🤖 AI Summary
Existing methods for high-utility sequential rule mining struggle to guarantee monotonic growth of utility ratios, and the impact of newly added items on rule utility and confidence remains unclear. To address this, this work formally introduces the problem of mining high-utility sequential rules with monotonically increasing utility ratios and proposes the SRIU algorithm. SRIU employs a bidirectional left-right extension strategy and integrates several optimization techniques, including Item-Pair Estimated Utility Pruning (IPEUP), bitmap-based compressed storage, and compact utility tables, to significantly enhance mining efficiency. Experimental results on both real-world and synthetic datasets demonstrate that the rules discovered by SRIU consistently outperform those generated by state-of-the-art approaches in terms of confidence and conviction metrics.
📝 Abstract
Utility-driven mining is an essential task in data science, as it can provide deeper insight into the real world. High-utility sequential rule mining (HUSRM) aims at discovering sequential rules with high utility and high confidence. It can certainly provide reliable information for decision-making because it uses confidence as an evaluation metric, as well as some algorithms like HUSRM and US-Rule. However, in current rule-growth mining methods, the linkage between HUSRs and their generation remains ambiguous. Specifically, it is unclear whether the addition of new items affects the utility or confidence of the former rule, leading to an increase or decrease in their values.
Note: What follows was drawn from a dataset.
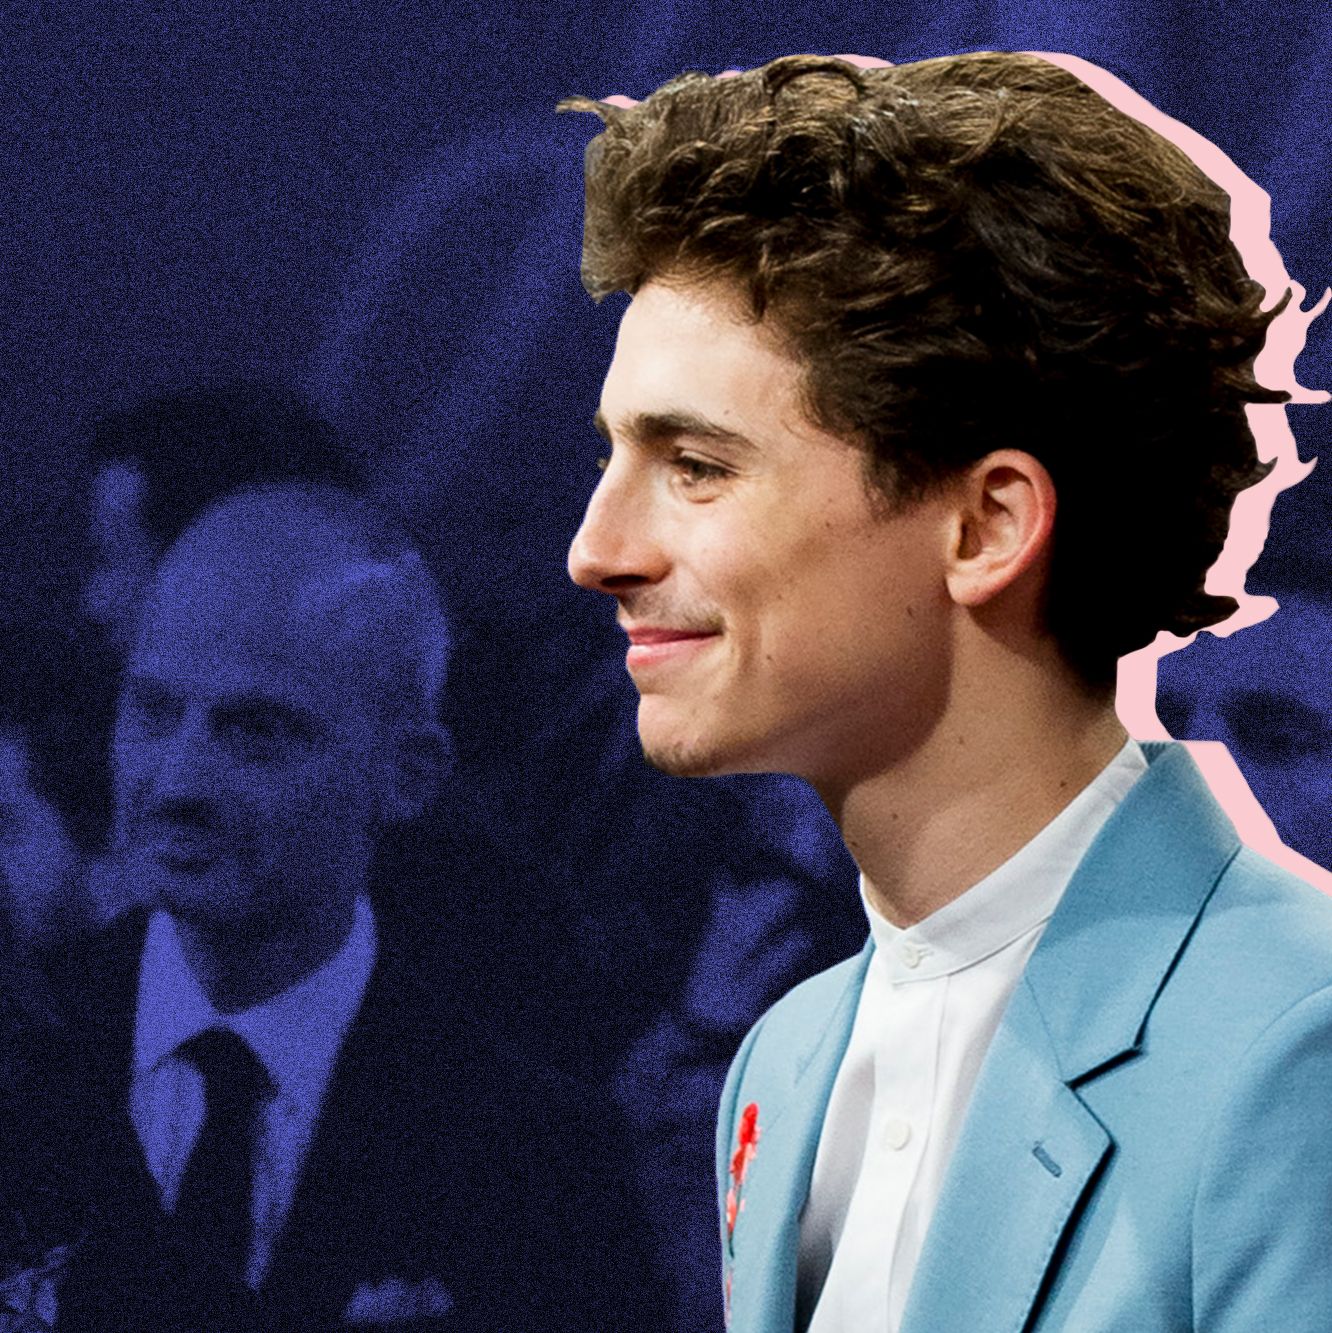 It Was All About What Timmy Chalamet Didn't Wear (A Shirt!) on the
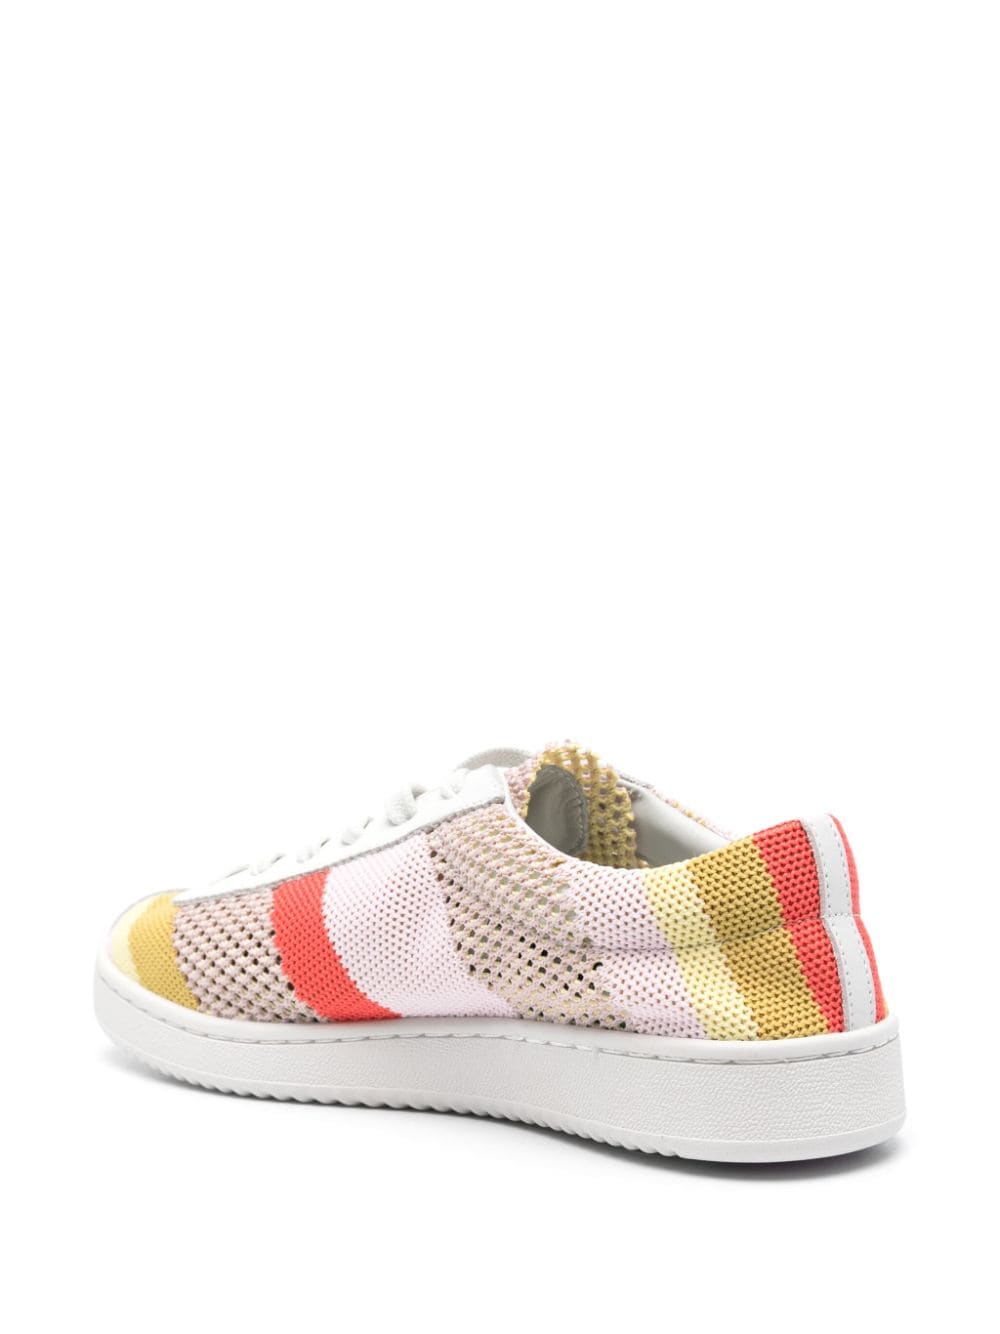 Paul Smith Sneakers Pink

Therefore, in this paper, we formulate the problem of mining HUSRs with an increasing utility ratio. To address this, we introduce a novel algorithm called SRIU for discovering all HUSRs with an increasing utility ratio using two distinct expansion methods, including left-right expansion and right-left expansion. SRIU also utilizes the item pair estimated utility pruning strategy (IPEUP) to reduce the search space. Moreover, for the two expansion methods, two sets of upper bounds and corresponding pruning strategies are introduced. To enhance the efficiency of SRIU, several optimizations are incorporated. These include utilizing the Bitmap to reduce memory consumption and designing a compact utility table for the mining procedure. Finally, extensive experimental results from both real-world and synthetic datasets demonstrate the effectiveness of the proposed method. Moreover, to better assess the quality of the generated sequential rules, metrics such as confidence and conviction are employed, which further demonstrate that SRIU can improve the relevance of mining results.